Identification of distinct basal and luminal subtypes of muscle-invasive bladder cancer with different sensitivities to frontline chemotherapy
Woonyoung Choi, Sima Porten, Seungchan Kim, Daniel Willis, Elizabeth R Plimack, Jean Hoffman-Censits, Beat Roth, Tiewei Cheng, Mai Tran, I-Ling Lee, Jonathan Melquist, Jolanta Bondaruk, Tadeusz Majewski, Shizhen Zhang, Shanna Pretzsch, Keith Baggerly, Arlene Siefker-Radtke, Bogdan Czerniak, Colin P N Dinney, David J McConkey, Woonyoung Choi, Sima Porten, Seungchan Kim, Daniel Willis, Elizabeth R Plimack, Jean Hoffman-Censits, Beat Roth, Tiewei Cheng, Mai Tran, I-Ling Lee, Jonathan Melquist, Jolanta Bondaruk, Tadeusz Majewski, Shizhen Zhang, Shanna Pretzsch, Keith Baggerly, Arlene Siefker-Radtke, Bogdan Czerniak, Colin P N Dinney, David J McConkey
Abstract
Muscle-invasive bladder cancers (MIBCs) are biologically heterogeneous and have widely variable clinical outcomes and responses to conventional chemotherapy.
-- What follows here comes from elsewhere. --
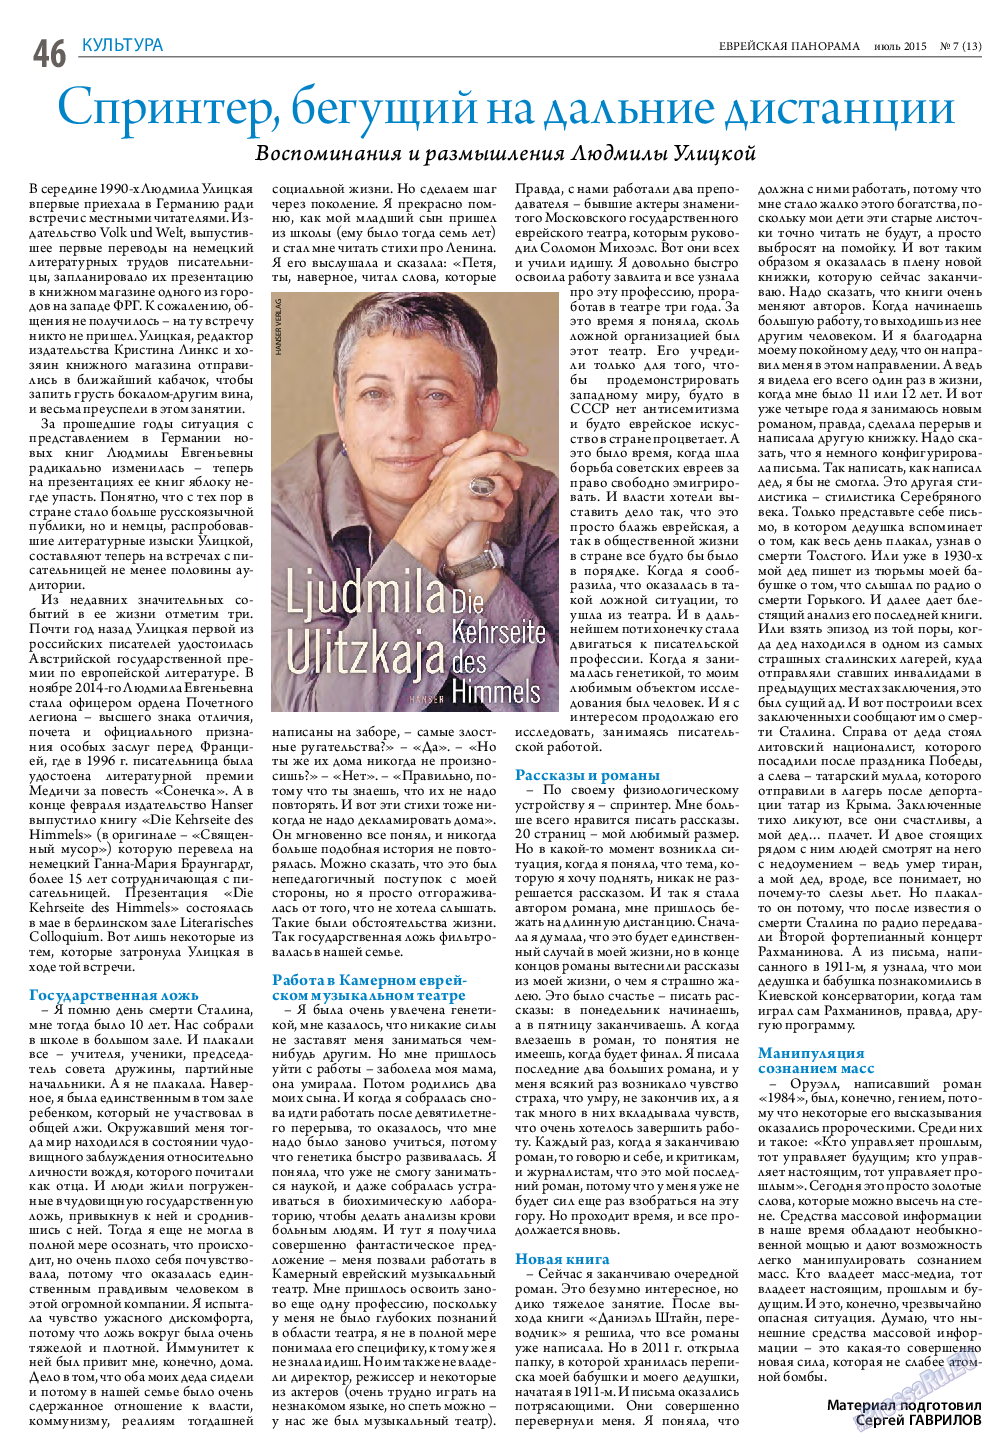 Еврейская панорама, газета. 2015 №7 стр.46

We discovered three molecular subtypes of MIBC that resembled established molecular subtypes of breast cancer. Basal MIBCs shared biomarkers with basal breast cancers and were characterized by p63 activation, squamous differentiation, and more aggressive disease at presentation. Luminal MIBCs contained features of active PPARγ and estrogen receptor transcription and were enriched with activating FGFR3 mutations and potential FGFR inhibitor sensitivity. p53-like MIBCs were consistently resistant to neoadjuvant methotrexate, vinblastine, doxorubicin and cisplatin chemotherapy, and all chemoresistant tumors adopted a p53-like phenotype after therapy. Our observations have important implications for prognostication, the future clinical development of targeted agents, and disease management with conventional chemotherapy.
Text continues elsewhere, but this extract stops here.